What tensor parallelism actually does

Tensor parallelism (TP) splits the work inside each layer across GPUs. Take a linear projection that maps a hidden vector of size H to an output of size O. The weight matrix is H by O. With TP across N GPUs, you cut the matrix along the output dimension, so each GPU holds H by O/N weights and computes its own slice of the output. After the projection, you concatenate or all-reduce to recover the full result.

Megatron-LM popularized a particular pattern for transformer blocks. The QKV projection is sharded along the head dimension, so each GPU owns a subset of attention heads. The attention computation runs locally on those heads. The output projection is sharded along the input dimension, which means each GPU produces a partial sum, and an all-reduce at the end collapses those partials into the final output. The MLP follows the same column-then-row pattern: the first linear is sharded column-wise (no communication needed before the activation), the second is sharded row-wise (one all-reduce after).

Two all-reduces per transformer block. That is the cost of tensor parallelism, and it is paid on every forward pass, every layer, every token.
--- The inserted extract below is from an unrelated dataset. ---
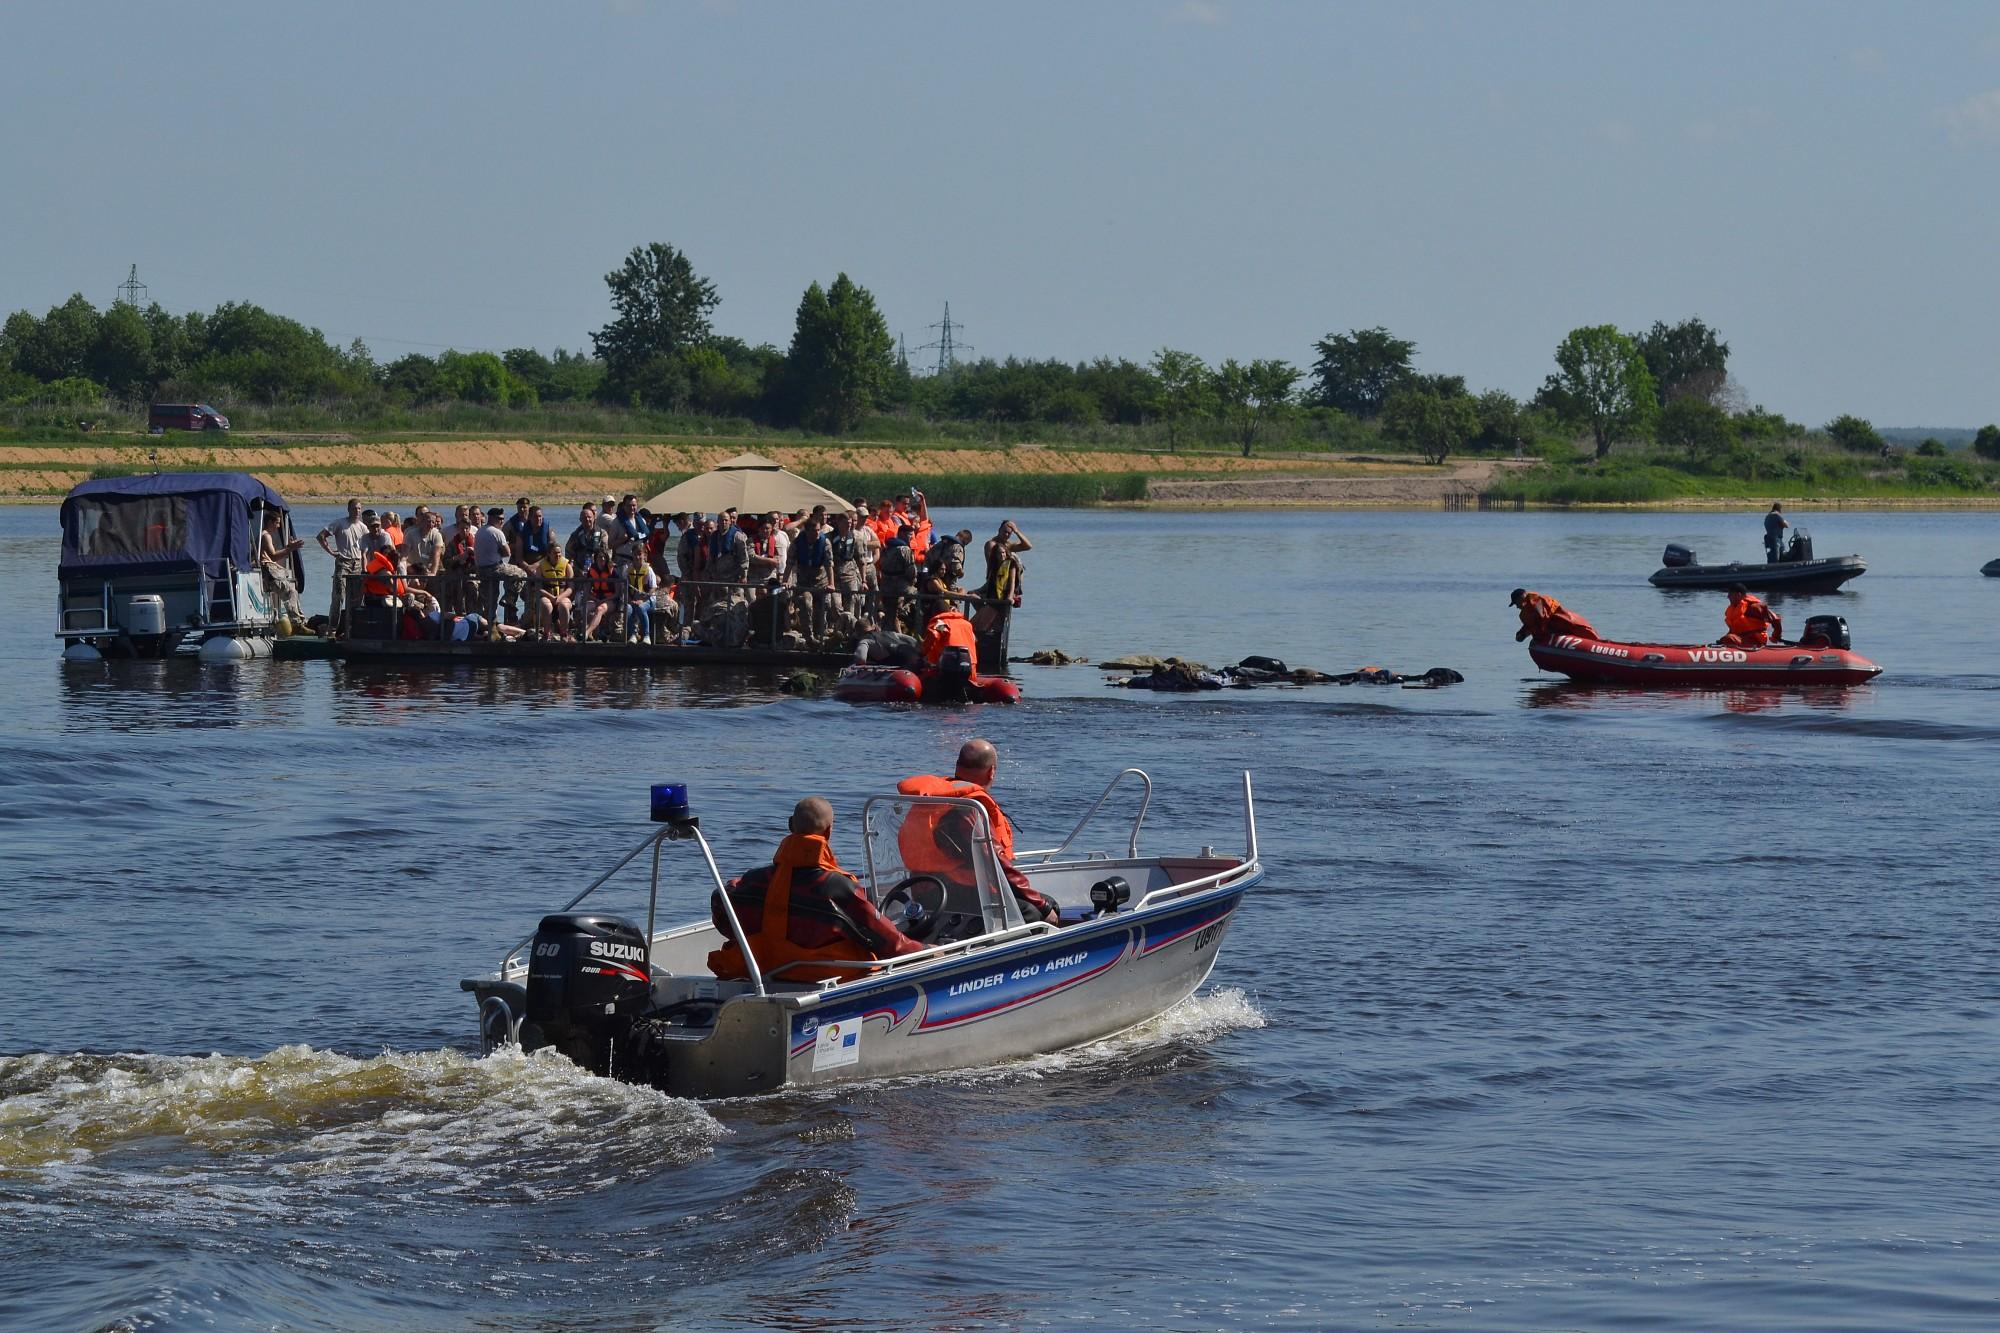 Lidmašīna ezerā, jāglābj izdzīvojušie

Because the all-reduces happen inside the block, they are on the critical path for that token's compute. You cannot hide them behind other work the way pipeline parallelism can. The interconnect between GPUs has to be fast enough that the all-reduce does not stall the matmuls.

This is why TP almost always lives within a single node. NVLink between H100s in the same DGX gives you about 900 GB/s per direction. PCIe gives you 64 GB/s on a good day. If you try to do TP across PCIe or, worse, across an InfiniBand fabric between nodes, the all-reduce latency dominates and you lose more than you gain.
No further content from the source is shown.